SnRK2.8-Mediated Nuclear Import of NPR1 Is Not Directly Linked with SA. In (A) to (C), band intensities of three blots were averaged and statistically analyzed (t test, *P < 0.01). Bars indicate sd. (A) Nucleo-cytoplasmic distribution of SnRK2.8 in pathogen-infected plants. A MYC-SnRK2.8 gene fusion was overexpressed driven by the CaMV 35S promoter in Col-0 plant. Plants were infected as described in Figure 5A. MYC-SnRK2.8, α-tubulin, and Η3 proteins were detected as described in Figure 5C. (B) Elevation of SnRK2.8 activity after pathogen infection. Four-week-old 35S:MYC-SnRK2.8 transgenic plants grown in soil were infected with Pst DC3000/avrRpt2 cells. Two upper leaves were harvested 24 h after infection for immunoprecipitation of MYC-SnRK2.8 proteins.
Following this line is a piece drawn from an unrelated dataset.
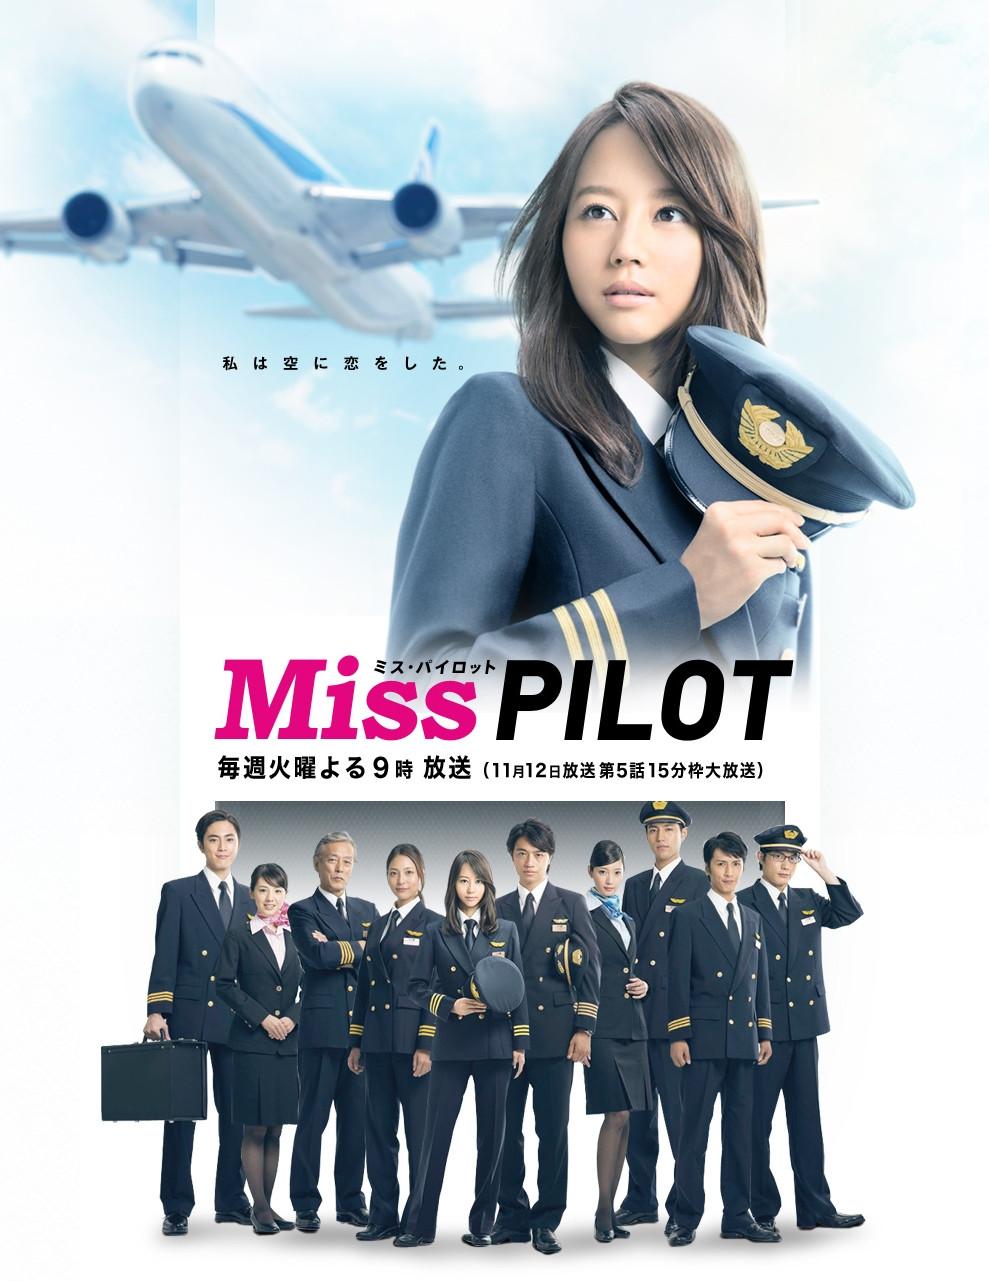 Miss Pilot kapak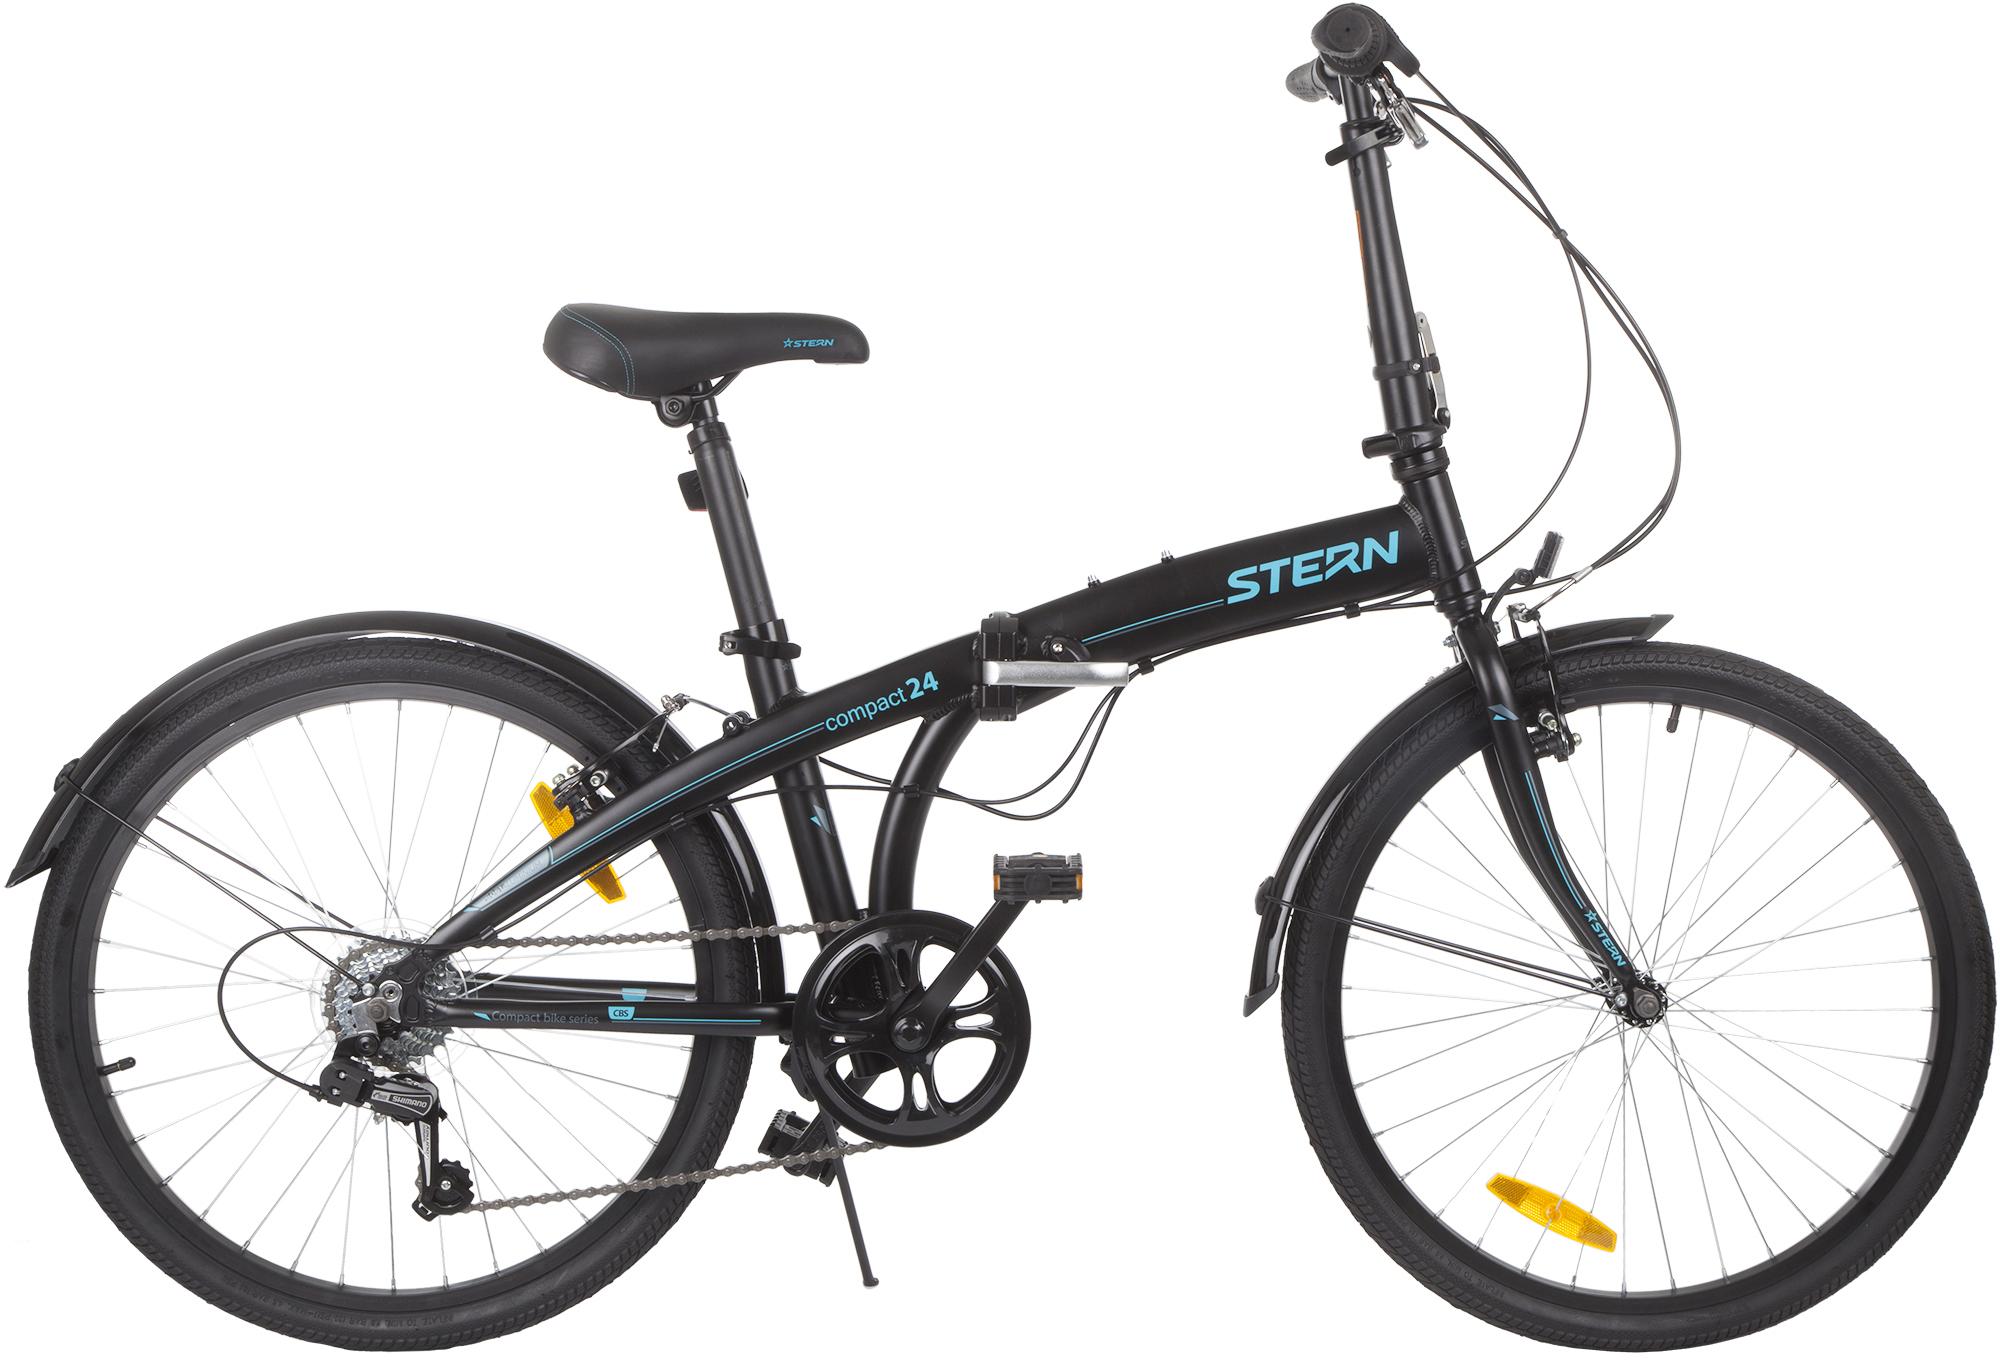 Stern Велосипед складной Stern Compact 24 цена

Five micrograms of recombinant MBP-NPR1 proteins was mixed with immunoprecipitated MYC-SnRK2.8 proteins and incubated as described in Figure 4A. MBP-NPR1 and MYC-SnRK2.8 proteins in the reaction mixtures were detected by Coomassie blue staining (CB) and immunoblot hybridization (IB), respectively (upper panel). Band intensities were quantitated using the ImageJ software (lower panel). Relative radioactivity (RA) to the amount of MYC-SnRK2.8 protein was displayed. (C) Effects of SA on SnRK2.8 activity. Two-week-old 35S:MYC-SnRK2.8 transgenic plants grown on MS-agar plates were treated with 0.5 mM SA as described in Figure 2A. Whole plants were harvested 24 h after SA treatment for immunoprecipitation of MYC-SnRK2.8 proteins. Five micrograms of recombinant MBP-NPR1 proteins was mixed with immunoprecipitated MYC-SnRK2.8 proteins and incubated as described in Figure 4A. MBP-NPR1 and MYC-SnRK2.8 proteins were immunologically detected and quantitated as described in (B). (D) Nucleo-cytoplasmic distribution of NPR1 in SA-treated plant cells. Two-week-old plants grown on MS-agar plates were treated with 0.5 mM SA for 24 h. Whole plants were used for cell fractionation. MYC-NPR1, α-tubulin, and Η3 proteins were immunologically detected as described in Figure 5C.

Figure 8.

SnRK2.8 Is Required for NPR1 Activation during SAR. SnRK2.8 modulates the nuclear import of NPR1 in inducing SAR. In this signaling network, the SnRK2.8-mediated NPR1 activation is integrated with SA signaling to ensure SAR to occur in distal tissues. The signaling steps examined or elucidated in this work are indicated by bold arrows.